> [Information provided]:
--------
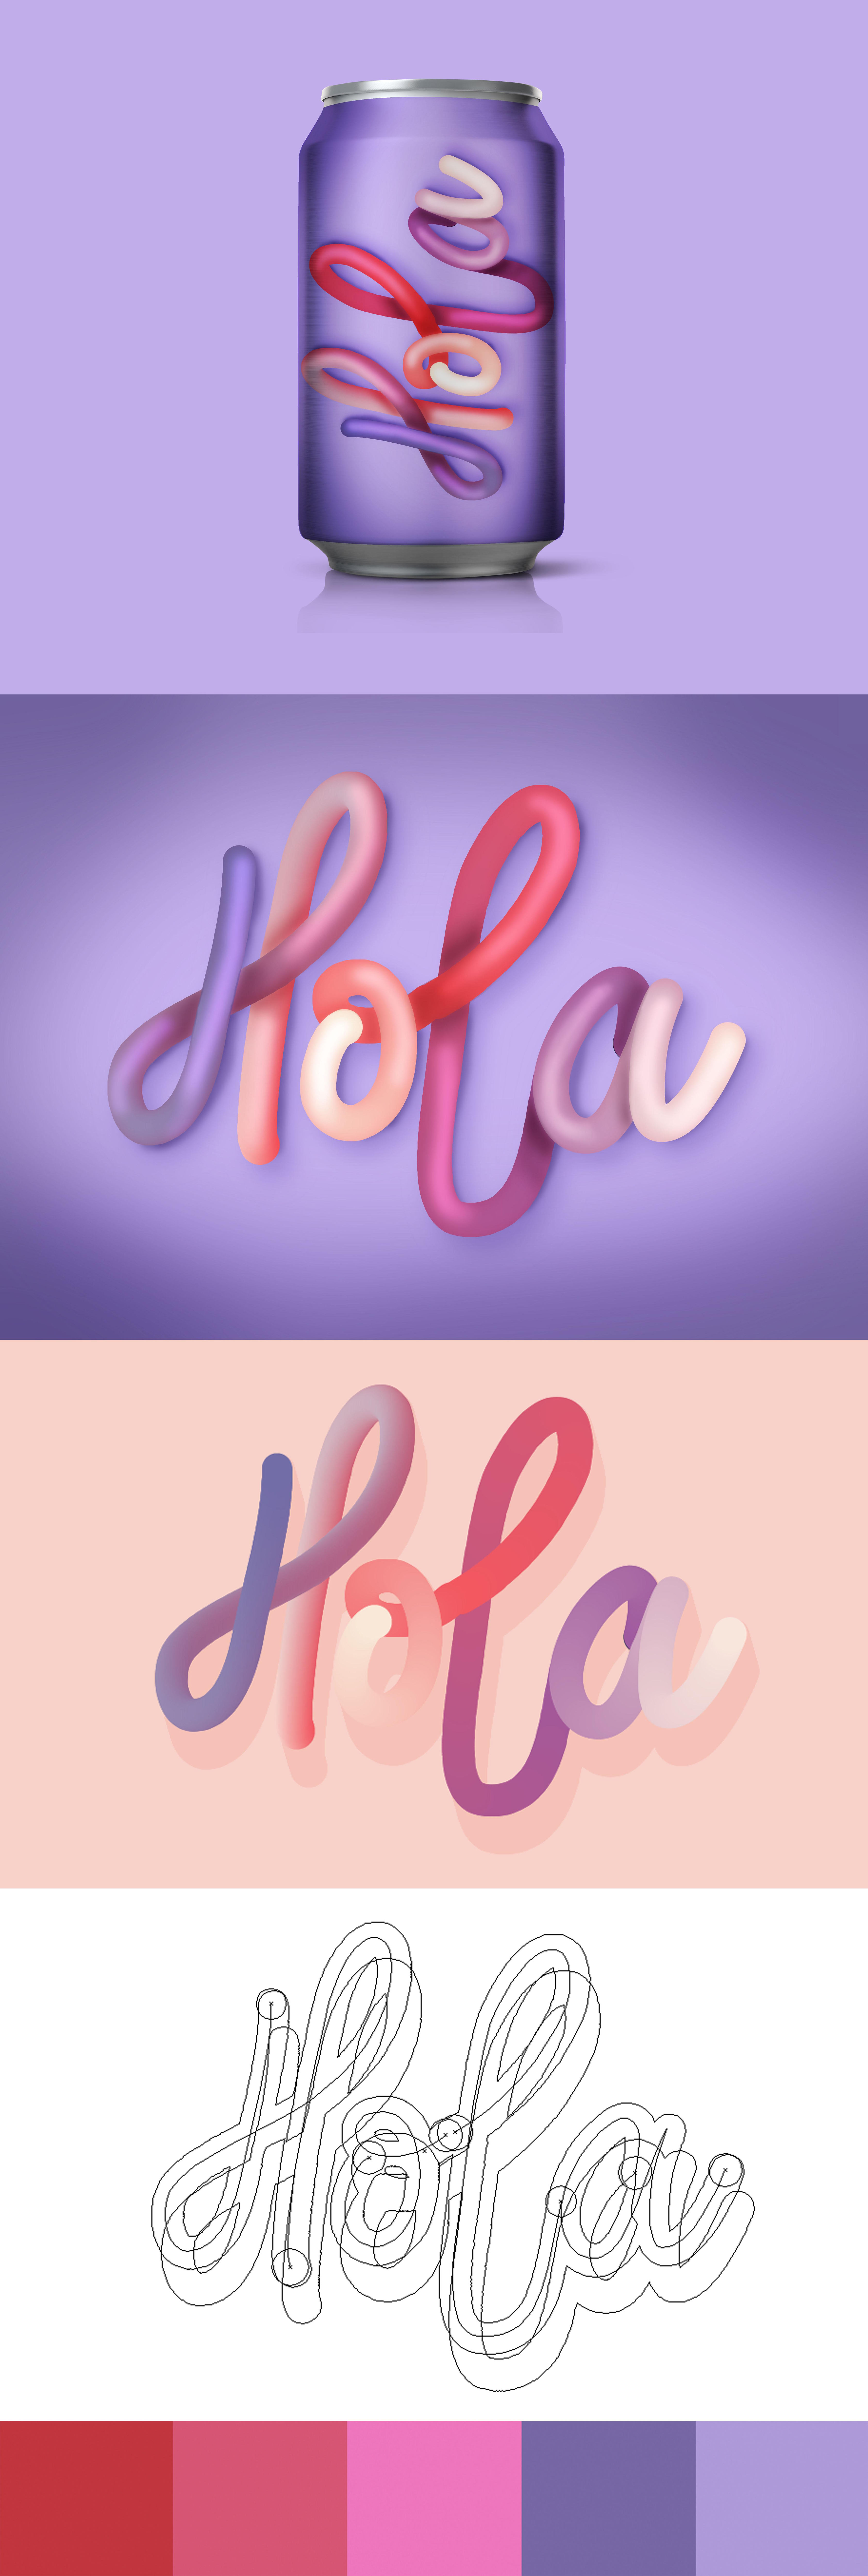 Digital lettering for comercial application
--------
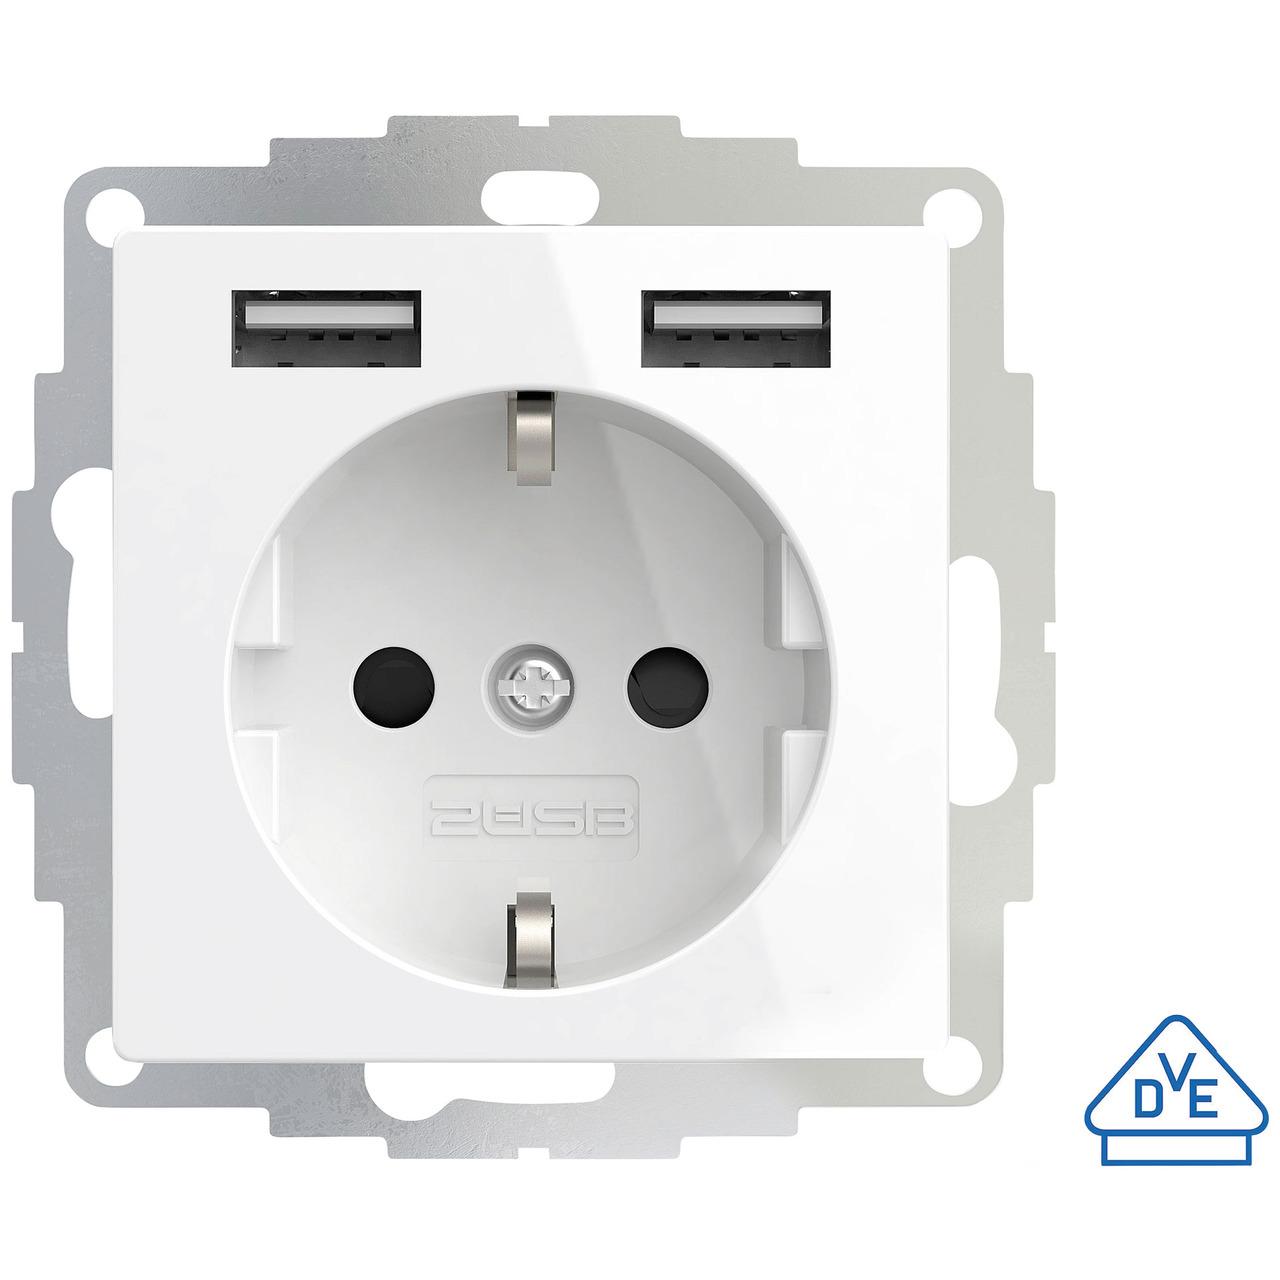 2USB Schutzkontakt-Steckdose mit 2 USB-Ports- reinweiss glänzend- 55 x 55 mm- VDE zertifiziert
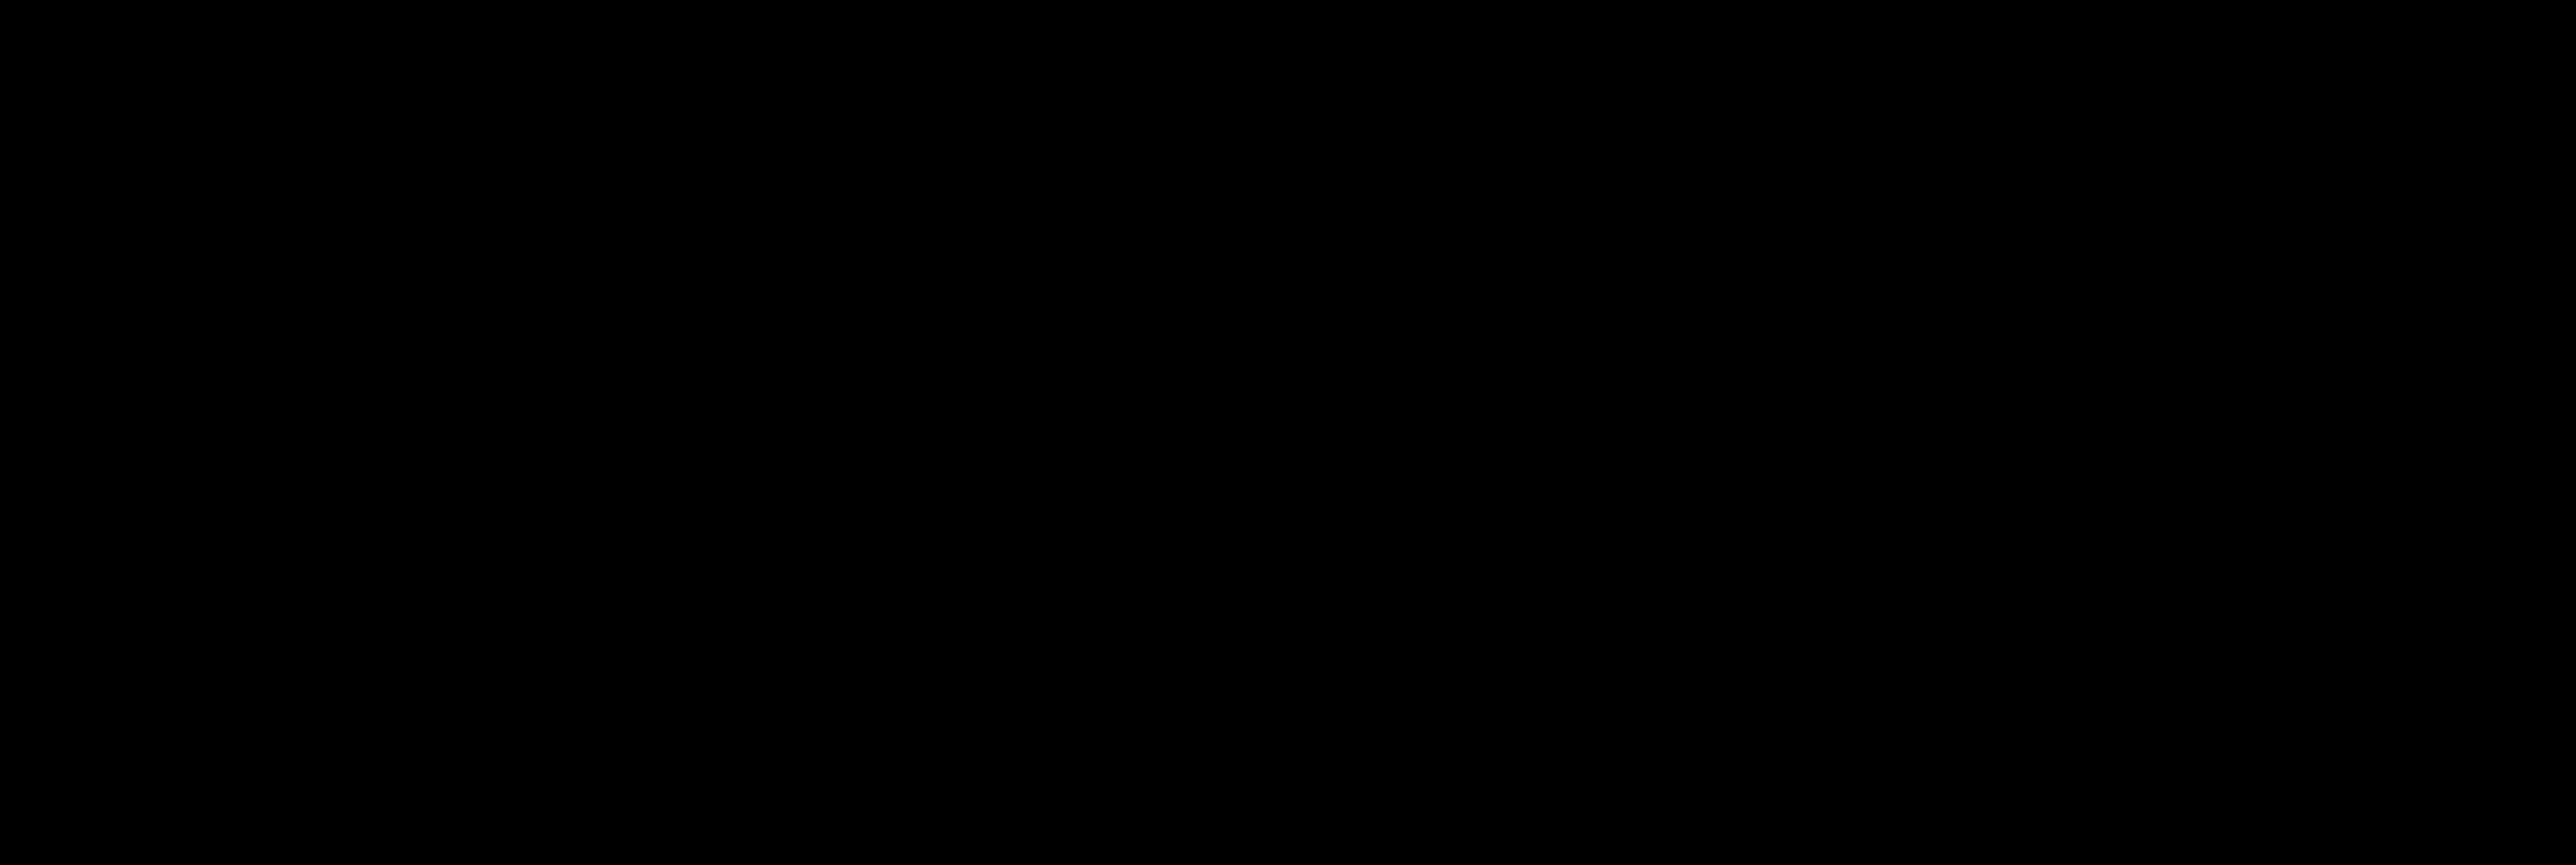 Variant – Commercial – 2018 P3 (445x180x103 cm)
--------
Drop the pictures; return the lines above from the line containing "2USB Schutzkontakt-Steckdose mit" to the line containing "Variant – Commercial", both included, exactly.

 2USB Schutzkontakt-Steckdose mit 2 USB-Ports- reinweiss glänzend- 55 x 55 mm- VDE zertifiziert
 Variant – Commercial – 2018 P3 (445x180x103 cm)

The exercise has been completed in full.